All'uscita, dopo aver tentato timidamente dalla scaletta dell'aereo di apostrofarli "terroristi", incrociamo alcuni giornalisti e radiofonici tentando vanamente, per costringerli a leggere le nostre invettive soprattutto nei loro confronti, di far pubblicità al sito dei LazioUltras .

Dopodichè ci appare in visione quello che sarà il mezzo di locomozione della giornata ed il viso gigantesco di Antonino che si rivelerà fidato scudiero ed autista per la causa Laziale .
Il nostro ci conduce per Reggio in quello che ci sembra per la fantastica giornata di sole e per il profumo del mare, come un ingresso trionfale per il corso della cittadina inebriato da una fragranza di vittoria che già si percepisce gradevolmente .

Subito Sindaco partita la vettura, ci racconta la storia di un suo amico che dopo aver seguito la Lazio per anni e anni proprio alla vigilia del campionato che ci ha visto Campioni,aveva deciso di appendere la tessera al chiodo e quando per questo gesto lo definisce "guarito" capiamo definitavemente che anche lui, come noi, è affetto da inguaribile passione .

Mentre Castroboy, vedendo i manifesti di un circo tenta inutilmente di convincerci di vantare un credito di cinque milioni nei confronti della famiglia Orfei e visto che subito dopo ci conduce al porto di Reggio per vedere gli ascensori montacarichi delle navi, capiamo che la fame fa strani scherzi e tosto Antonino ci reca nel più vecchio e gustoso ristorante di Reggio, la Trattoria Baylik .

Il vivandiere Enzo ci illustra i piatti della tradizione locale e appena dopo l'antipasto, nonostante la differente fede calcistica provoca il nostro compiacimento quando afferma che "a Reggio non ci deve mettere più piede" riferendosi a "gigliola" cerqueti, moralista per sbaglio .

A tavola dinanzi a manicaretti e al vino, scorrono i ricordi della memoria Laziale, ed io riesco da buon vegetariano, a sottrarmi per lo meno ai secondi piatti, per recarmi ad acquistare i biglietti della gara accompagnato dal fedele Antonino e quando scendo dinanzi al Granillo ho come la sensazione di trovarmi all'anticipo del derby tanti sono i tifosi della reggina con maglie e sciarpe dell'as trigoria .

Lo Stadio e la Partita
Giungiamo all'ingresso dello stadio unitamente al mitico Federico Brusca che subito indichiamo alle forze dell'ordine come molto pericoloso perchè avvocato, evitandogli la rituale perquisizione e come entriamo sugli spalti del settore ospiti salutiamo gli amici di sempre .
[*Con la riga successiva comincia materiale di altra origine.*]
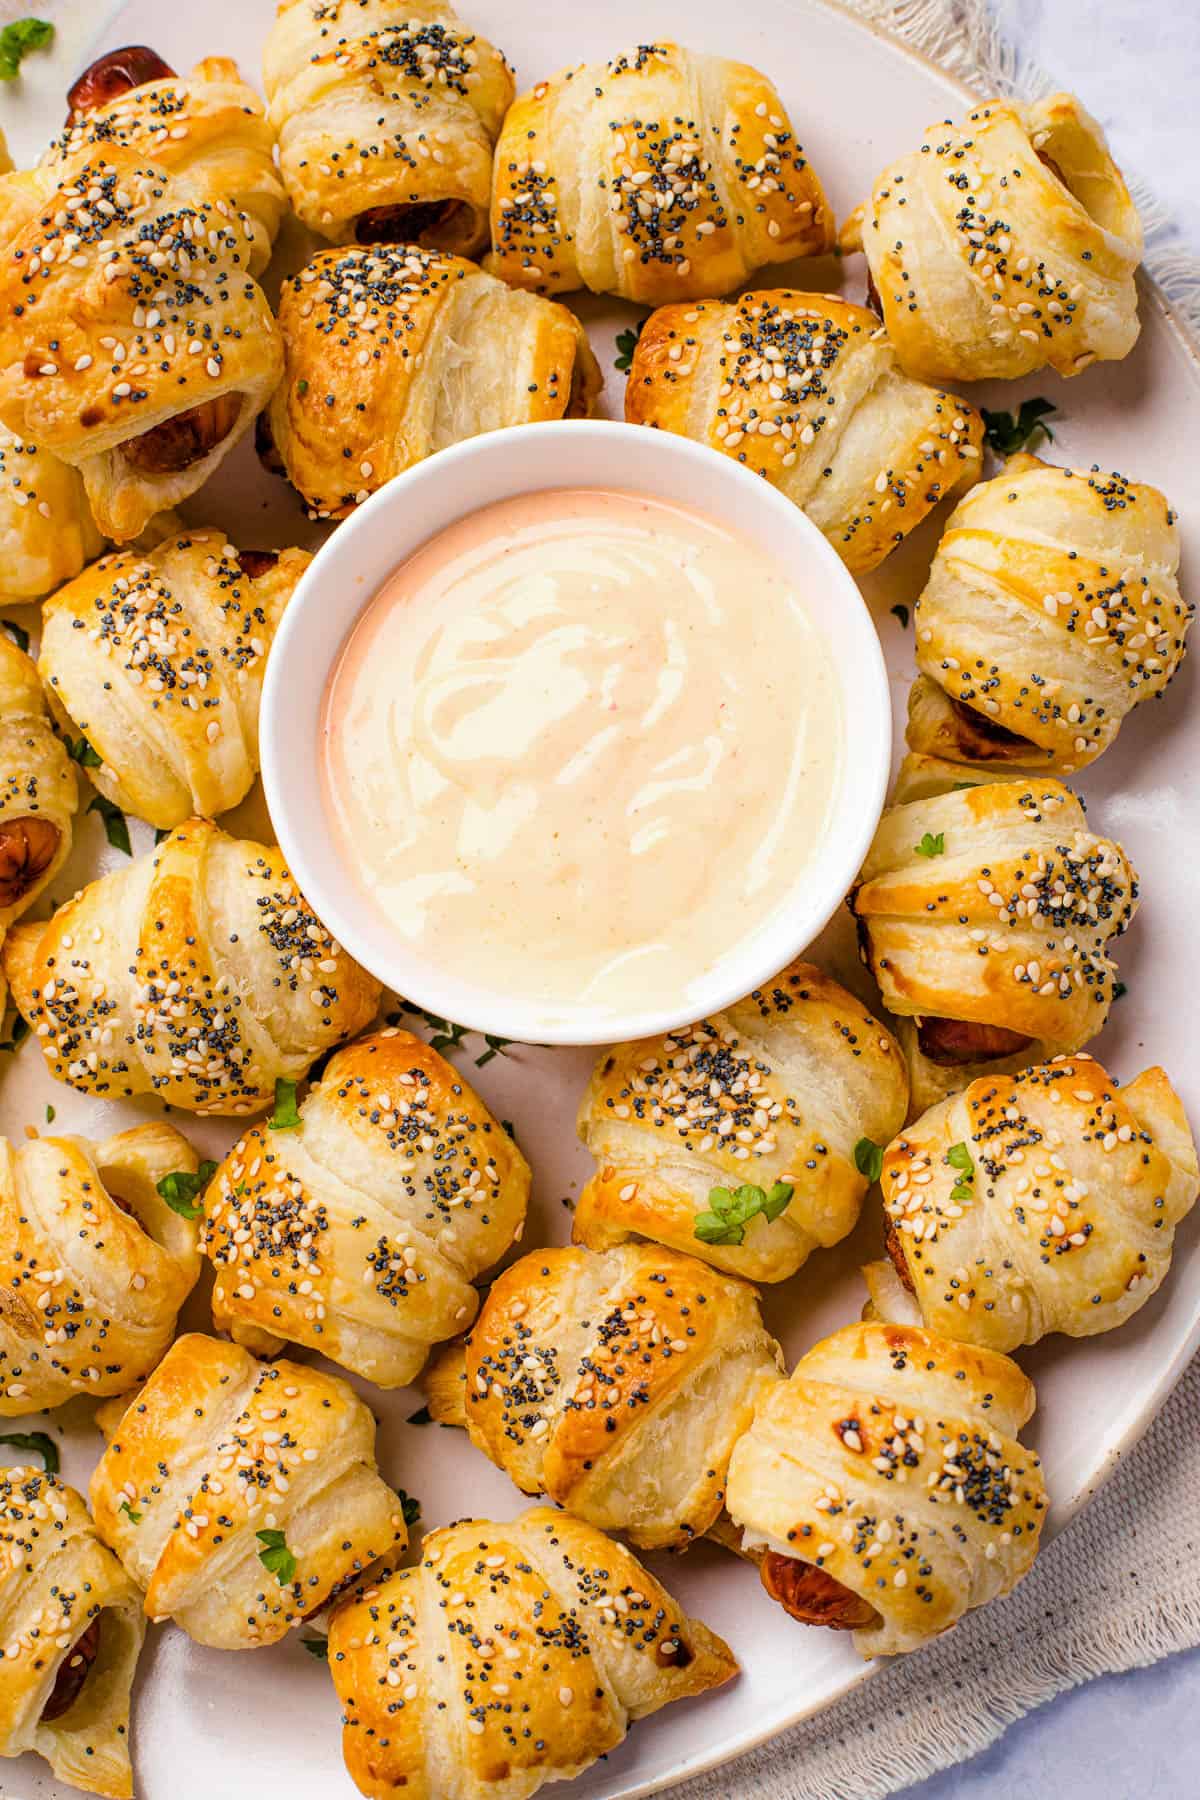 A platter of pigs in a blanket with a bowl of dipping sauce in the center.

Ci preoccupiamo poi di esporre uno striscione all'uopo preparato, del quale indichiamo il contenuto perchè sappiamo non essere stato inquadrato, "Er Portrona guarda Noi tifamo - LazioUltras", che l'incontro ha inizio .

Vediamo subito partire bene Negro in appoggio a Dionigi e il duo d'attacco locale si rivela quanto meno incisivo nel primo quarto d'ora . Nesta svolge il consueto e brillante lavoro difensivo mentre un suo clone cooptato a terzino destro contiene gli attacchi del duo di cui sopra .
Quando dopo esser stato più volte impunemente fermato da un guardalinee ritardatario vediamo Crespo involarsi in area di rigore, ne intuiamo ancor prima del tiro la traiettoria che gonfierà la rete perchè già sappiamo che il bomber argentino sbaglia solo i gol facili.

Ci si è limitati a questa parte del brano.